What you have created here is very impressive.
Hi, Gary.
Thanks!
I was interested in Vocaloids a few years ago but the software was very expensive and all of the voicebanks were Japanese so English pronunciation was a problem
Vocaloids tend to have accents, and the resynthesis process only magnifies that. The
Dex and
Daina voicebanks focus on a more American English accent, and I was toying with the idea of buying the full editor, but I wasn't terribly impressed by the demos, and the price of the full
Vocaloid editor always priced me out of the market... even when I
had that much money to spend.
UTAU is cool, especially since you can build your own voicebanks. But working with voices requires a lot of low-level tweaking. One nice thing about
Synthesizer V is that you have sliders for each phoneme at the syllable level. That makes it a lot easier to tune a word, and even work around errors in the voicebank.
You may be aware that
Synthesizer V actually grew from Kanru Hua working on tools for
UTAU. He developed his own resampler (resynthesis engine) for
UTAU called
Moresampler, which is different from most most resamplers available for
UTAU. Most UTAU resamplers use crossfades and standard pitch transposition techniques to reassemble the phonemes from the source audio files.

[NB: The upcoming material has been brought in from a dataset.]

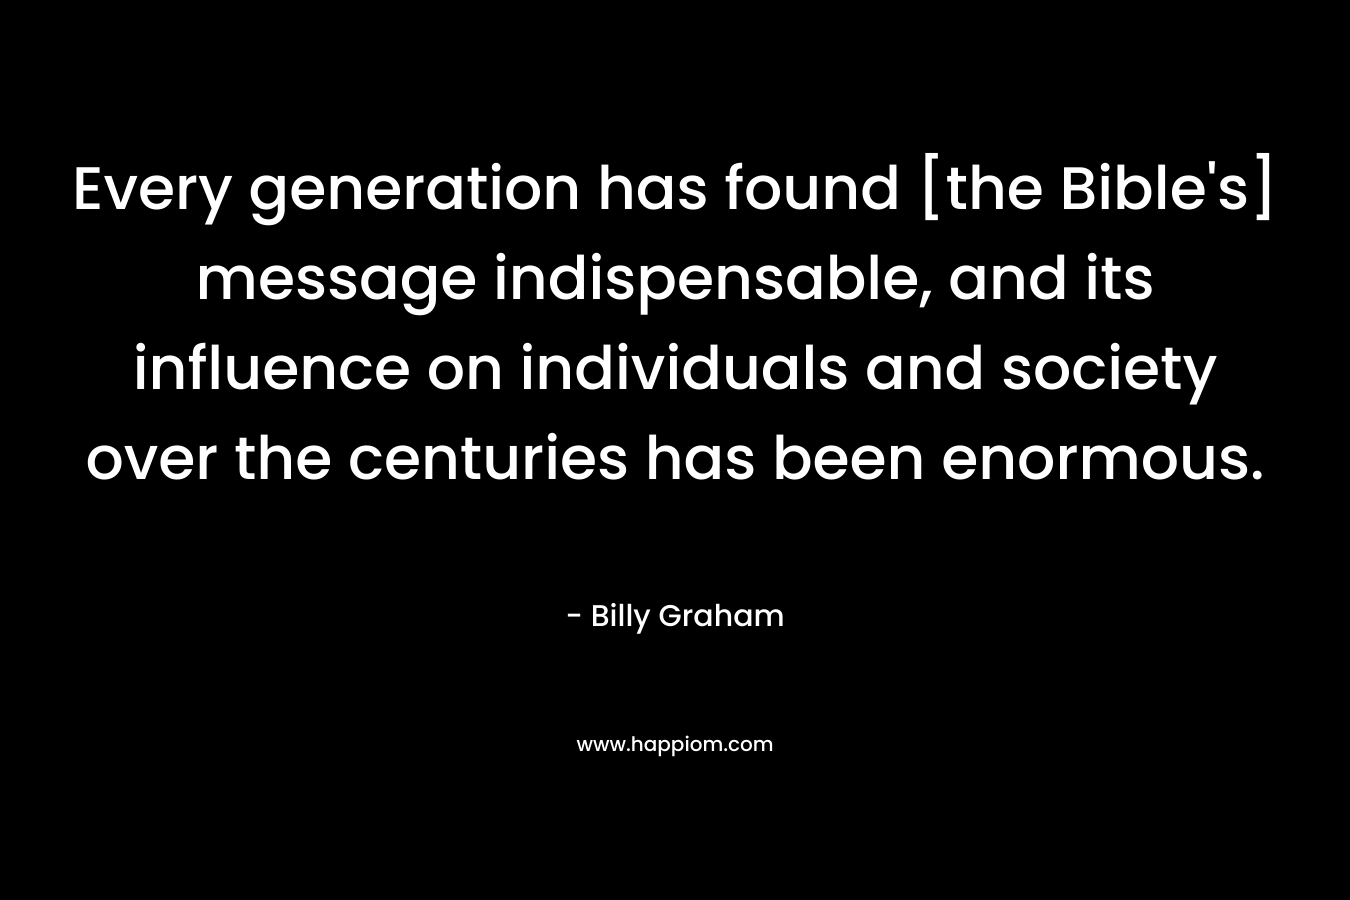 Every generation has found [the Bible's] message indispensable, and its influence on individuals and society over the centuries has been enormous.

Moresampler performs spectral analysis on the harmonic and inharmonic audio, as well as the vocal pulse. The resynthesis doesn't need to refer back to the original audio. As a result,
Moresampler is a lot more flexible in resynthesis, both in in changing the pitch and duration. It also doesn't suffer from as many of the sort of artifacts you get from a lot of pitch shift/time stretch algorithms.
Kanru also came up with a his own reclist (phoneme recording list) method which he called "Arpasing", named because he used the
ARPAbet phonemene set instead of
SAMPA phonemes that
Vocaloid and
UTAU tend to use. (The word "Arpasing" confusingly refers to "ARPA" in "ARPABET", not to "parsing").
Because his reclist uses English words, the resulting samples tend to be more realistic than if the phonemes were recorded in isolation. On the other hand,
Synthesizer V sounds a bit more "spoken" than "sung".
Anyway, at some point Kanru rightly decided that it would be better to branch away from
UTAU and create his own application from scratch. If nothing else,
Synthesizer V is a lot simpler to install than
UTAU.